Using the power of portfolio analytics may take some perseverance - especially in business situations where the internal understanding of roles and responsibilities are not clearly defined. However, one could argue that these also represent the best environments since they offer no restrictions on creating value and in some sense the "sky may be the limit". Let's face facts, at the end of the day, all quality initiatives, all process improvements and ancillary activities are ultimately judged by the value they create for the business.

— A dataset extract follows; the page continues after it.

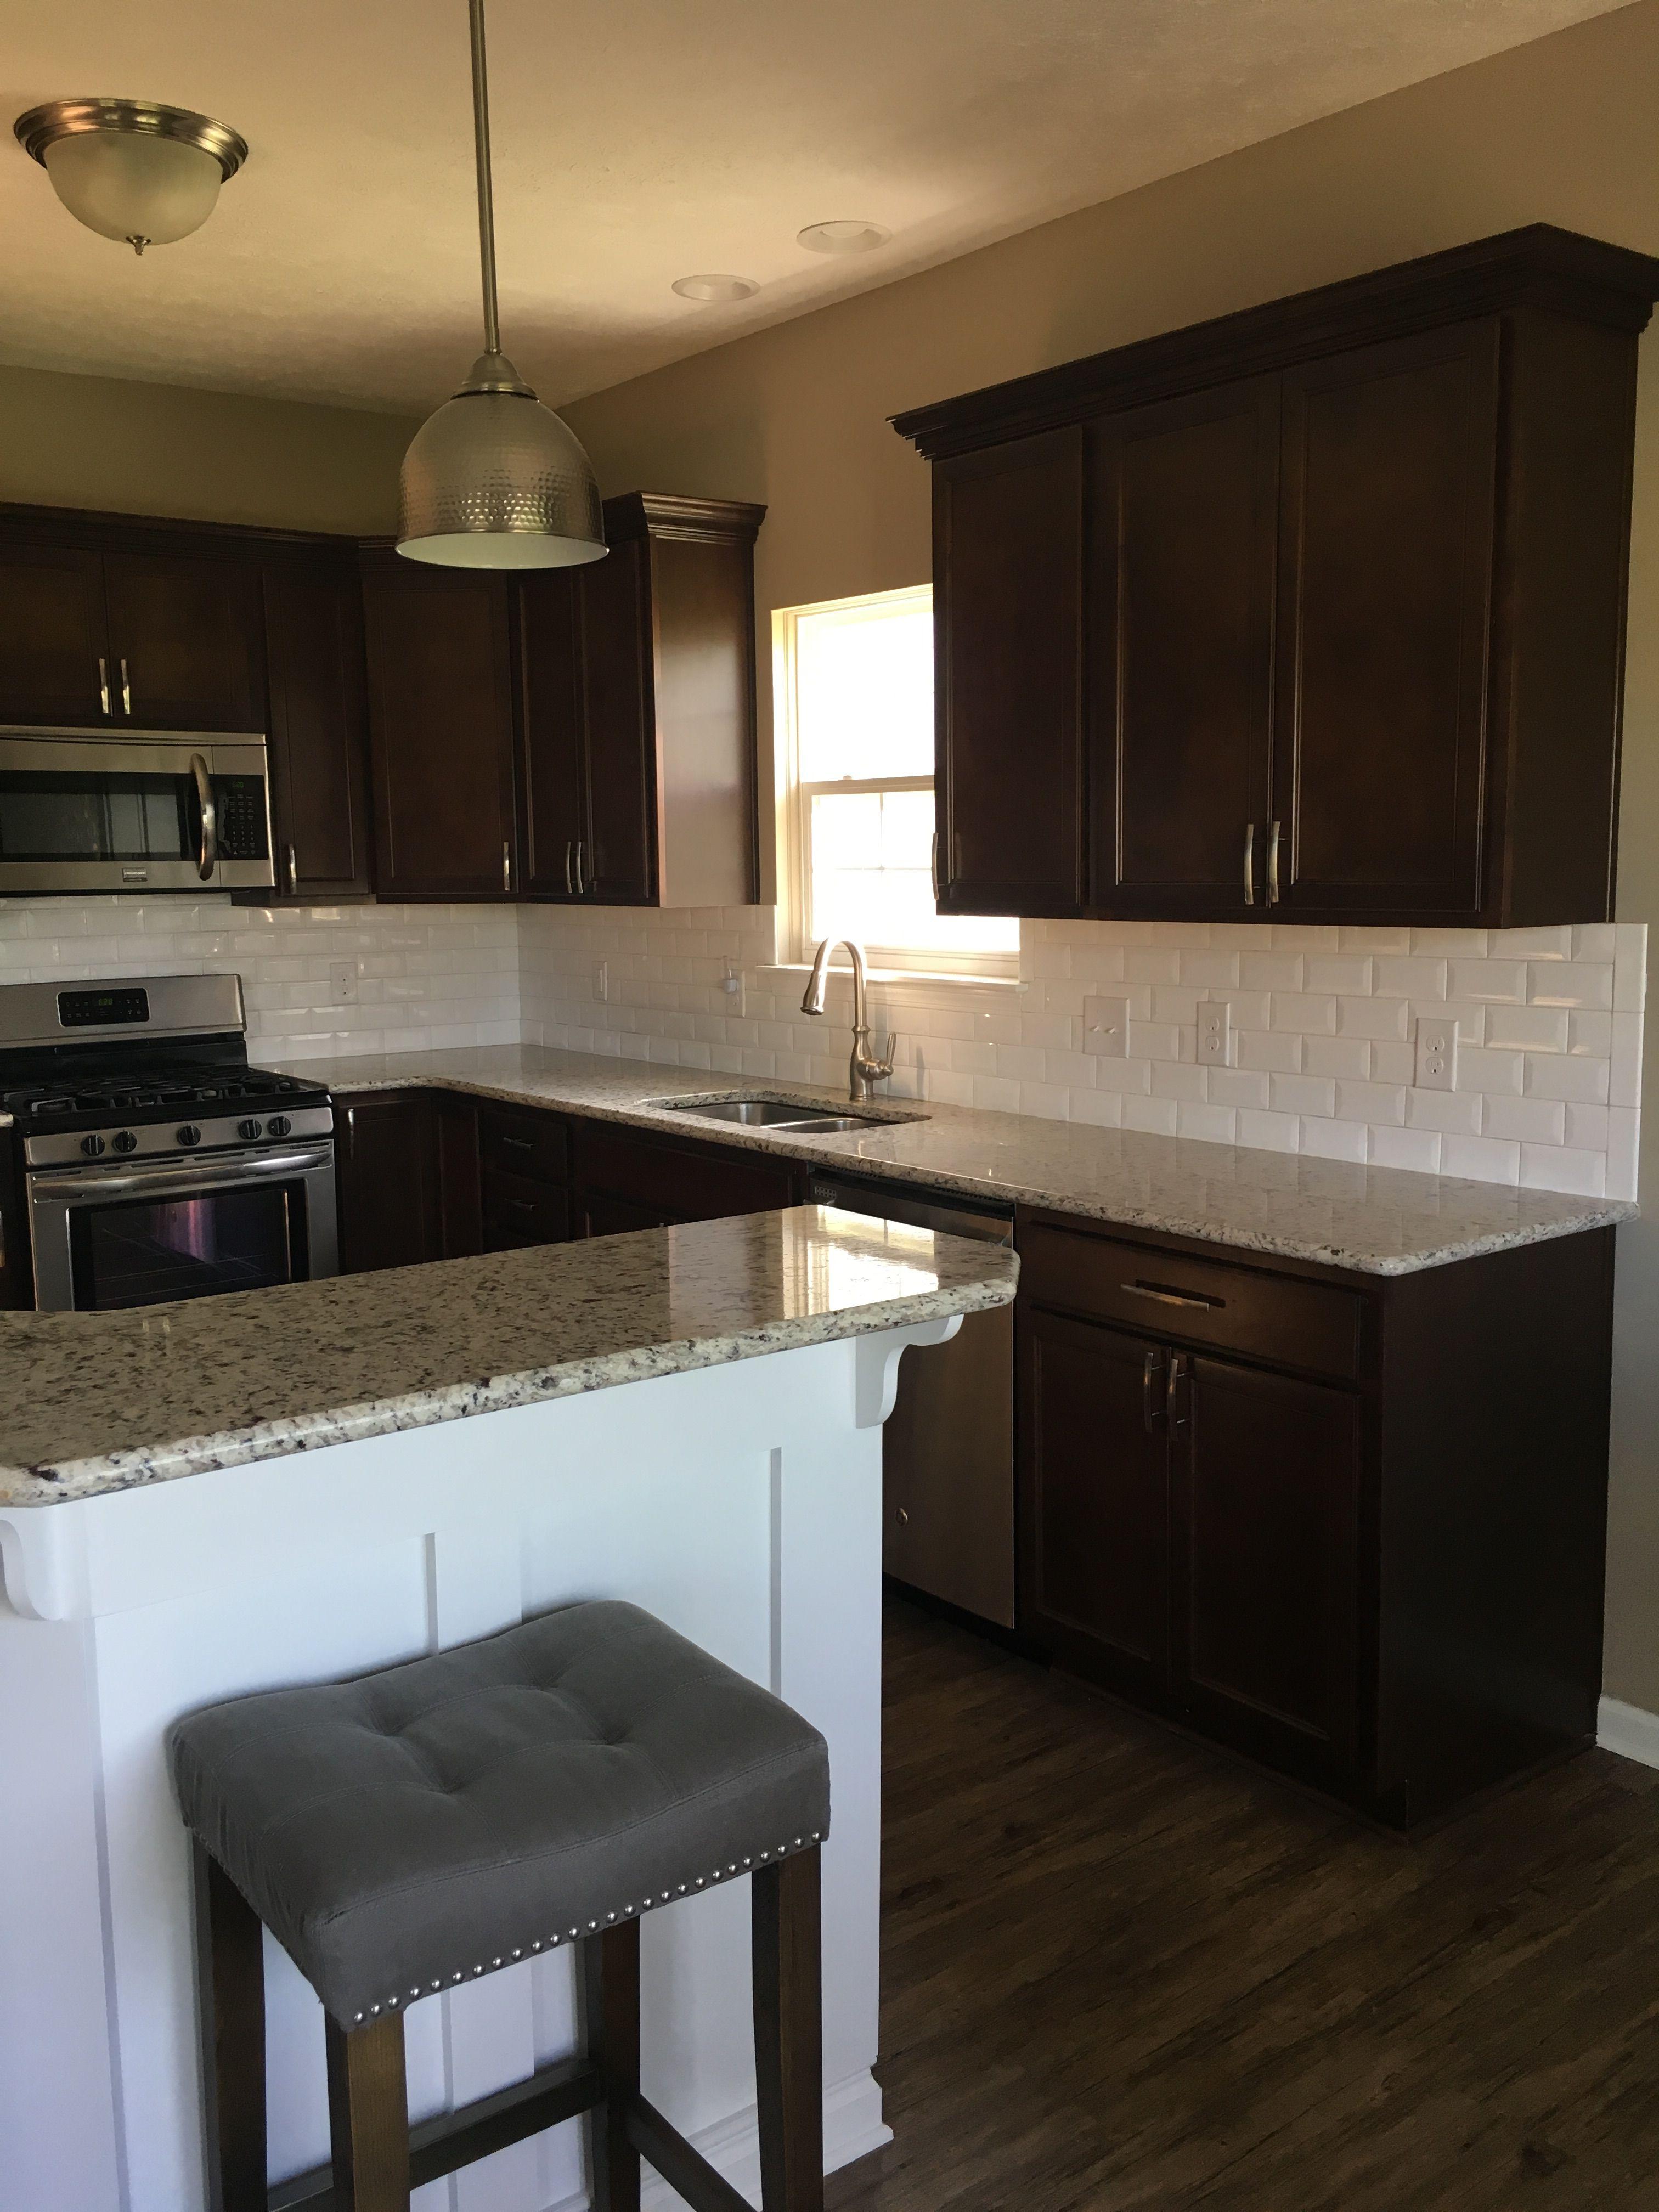 White beveled subway tile; dark cabinets (Umber); light ... on Backsplash Ideas For Dark Cabinets And Light Countertops  id=54549

Value is subjective and can be defined many ways by different people. However, it should always result in a strategic or competitive advantage for the enterprise. The issue is simple, the Risk Management function and those professionals managing it have the unique capability of providing an introspective, insightful view of the behavior, characteristics and profile of their customer base. This detail, when acted upon, is the foundation for confident decision making and knowledge-based change in a company's strategic activity or the direction it takes.
Speaking of change. At one time the original 4C's of credit represented character, capacity, condition and capital.
Today, progressive enterprises are considering and adhering to four new tenets:
1. Consistency - in their applications.
2. Compliance - through their internal and external relationships.
3. Consultancy - in their relationships with internal business partners.
4. Creativity - in using data to provide insight, uncover opportunities and drive value.
Consistency
There are numerous operational advantages to using analytical tools, such as the ability to review outputs and performance by location, salesperson, business unit, product, line of business, risk management analysis, etc. for relevant facts about outputs, behaviors, and tendencies relating to best (and worst) practices. What this means is that the aggregation and segmentation of portfolio data provides the foundation for more strategic decision-making at all levels of an organization. This ability for an organization to share and cascade information helps in defining policies and the appropriate subsequent operational practices. This is an on-going process as an organization looks to mine it's own data while also considering external economic influences.
A full, consistent analysis of the portfolio enables the Risk Management practitioner to employ a sound practice for establishing standards and timing for account reviews. Consistency also enables an objective approach for raising and lowering credit limits. Similarly, it eliminates the potential for subjectivity by analyst or a differential in output based on tenure or knowledge base. Thus, allowing for the most professional evaluations for both your internal and external customers. A preferred timetable would be determined as a result of the information culled through the analysis. However, the overarching factor driving the frequency of account reviews is the company's appetite for risk.
Compliance
The strategic use of portfolio analytics also enables you to comply with internal and external audit requirements driven by your company's established risk management policy. If the company's risk tolerance dictates an annual or semi-annual review for non-risk customers; a semi-annual or quarterly review for slight risk customers; a quarterly or monthly review for slightly higher risk customers, or a weekly or daily review for the highest risk customers, a monitoring tool will allow you to answer the mantra of today's corporate environment - do more with less. In other words, you're following the first commandment of credit - thou shalt evaluate every account within the portfolio at least once a year. With the increased focus by auditors on established policies, portfolio analytics provide an optimum solution to maintain compliance.
Proactively sharing the output from your portfolio review with audit teams to witness the movement of risk - or lack thereof - can prove very powerful, virtually enlisting your audit team as a well informed business partner and eliminating a year end interrogation. The outputs are also a fundamental opportunity to discuss portfolio dynamics with senior management in both the sales and finance organizations, to gauge how best to modify and/or adapt to changing economic or strategic conditions.